J.P. Morgan downgraded Mexican stocks due to economic slowdown and U.S. tariffs while upgrading Brazilian equities, citing potential interest rate cuts and positive impact from China’s stimulus. Mexican GDP is expected to struggle while Brazilian stocks look promising amid favorable conditions for exports.
J.P. Morgan has recently downgraded its stance on Mexican stocks due to concerns over the country’s economic growth and the impact of U.S. tariffs. Conversely, the financial institution adopted a more favorable view on Brazilian equities, attributing this change to the anticipated end of the interest rate hiking cycle and potential support from stimulus measures in China.
The brokerage revised its recommendations, lowering Mexican stocks from “overweight” to “neutral” while raising Brazilian equities from “neutral” to “overweight”. The principal concern regarding Mexico is a significant slowdown in its economic growth, which is likely to hinder Gross Domestic Product (GDP) performance, especially in the first half of the year.
Recent information revealed that Mexico’s economy contracted in the fourth quarter for the first time in more than three years, with the central bank predicting modest growth for the upcoming year. Furthermore, economic experts cite ongoing trade tensions as a significant risk factor affecting the country.
The impact of U.S. tariffs, particularly the new 25% duties on imports from Mexico and Canada, has been notable. Though these tariffs took effect recently, many imports from Mexico and Canada were temporarily exempted, showcasing the complexities of current trade policies.

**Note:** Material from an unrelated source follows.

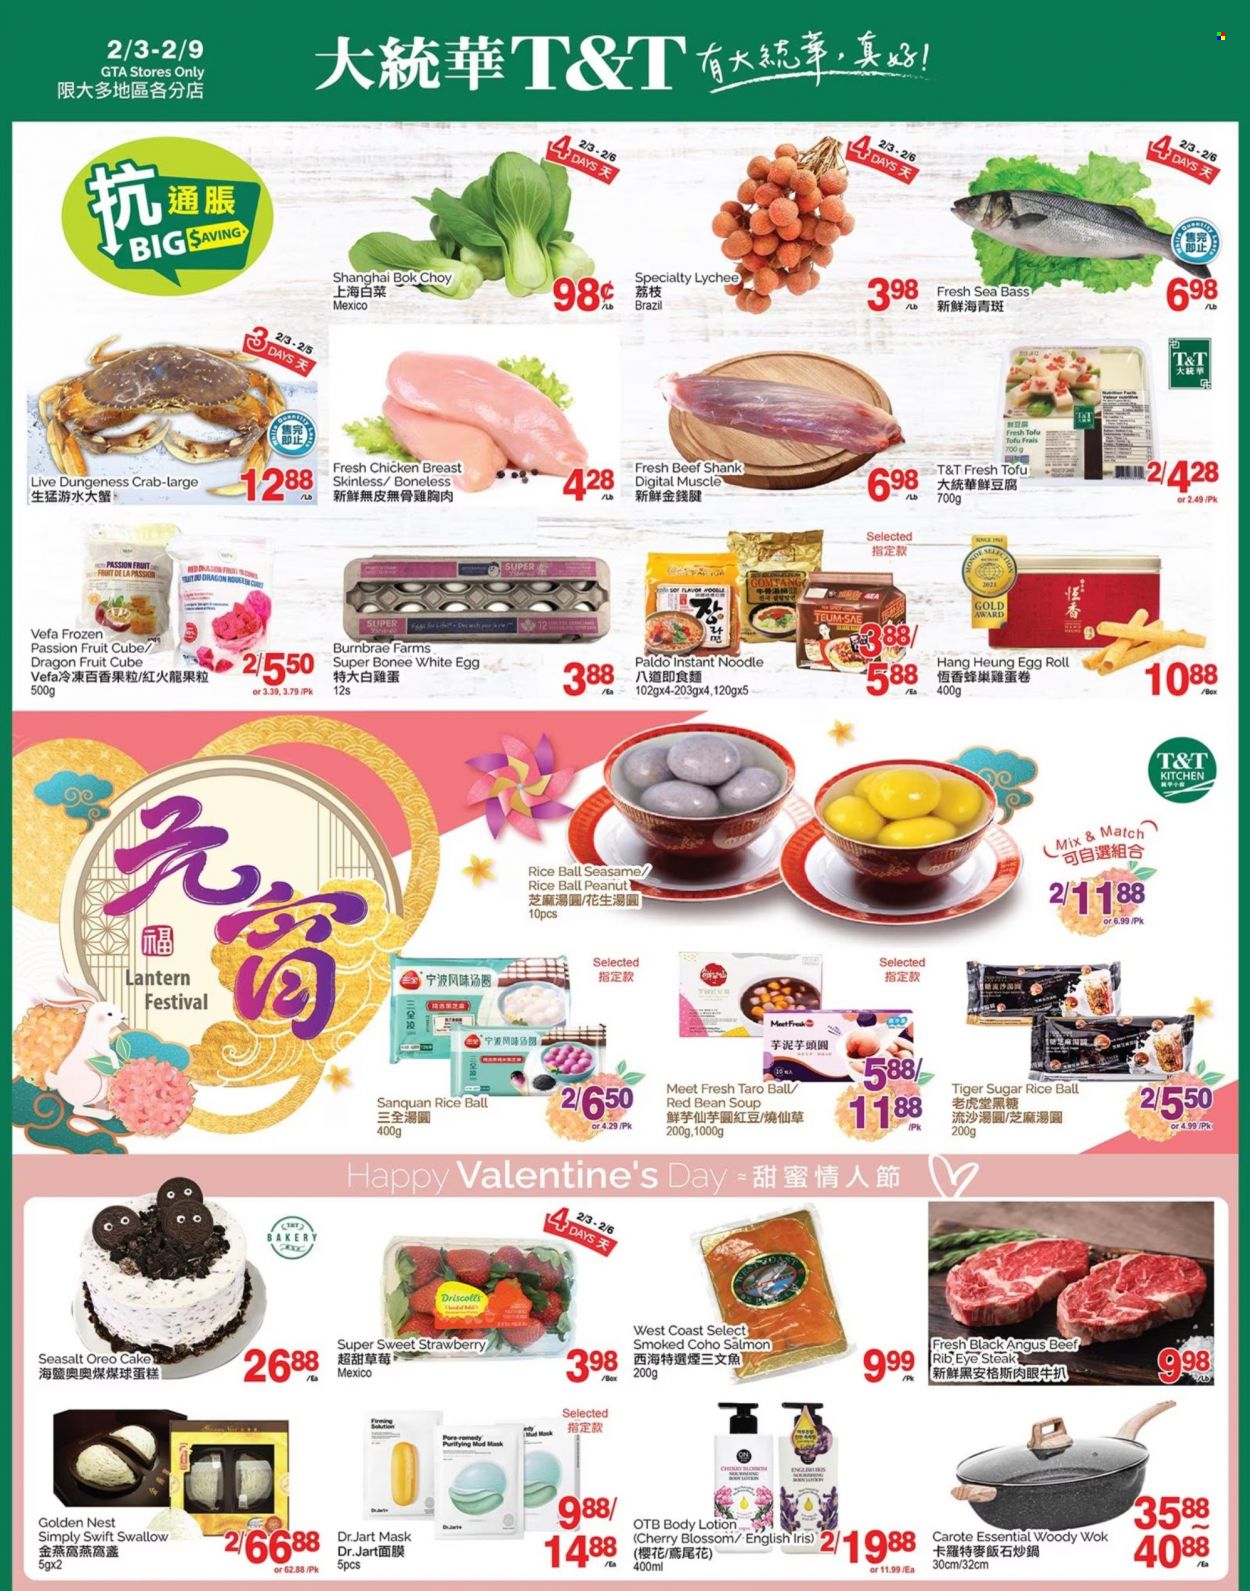 thumbnail - T&T Supermarket Flyer - February 03, 2023 - February 09, 2023 - Sales products - cake, bok choy, lychee, dragon fruit, salmon, sea bass, crab, soup, egg rolls, noodles, tofu, eggs, sugar, sea salt, chicken breasts, chicken, beef meat, beef shank, ribeye steak, body lotion, wok, pin, Oreo, steak. Page 1.

In contrast, Brazil’s equities are perceived as appealing with the possibility of the country’s central bank nearing the end of its interest rate increases. J.P. Morgan highlighted that the recent indication of further stimulus from China may positively influence Brazilian stock performance, as Brazil stands to gain from increased agricultural export demands, particularly in the context of U.S.-China trade tensions.
In summary, J.P. Morgan’s evaluations indicate a pessimistic outlook for Mexican stocks amid economic challenges and trade issues, while expressing optimism for Brazilian equities propelled by fiscal easing and potential agricultural export opportunities. The contrasting trajectories highlight the complexities of trade relations and economic policies in Latin America.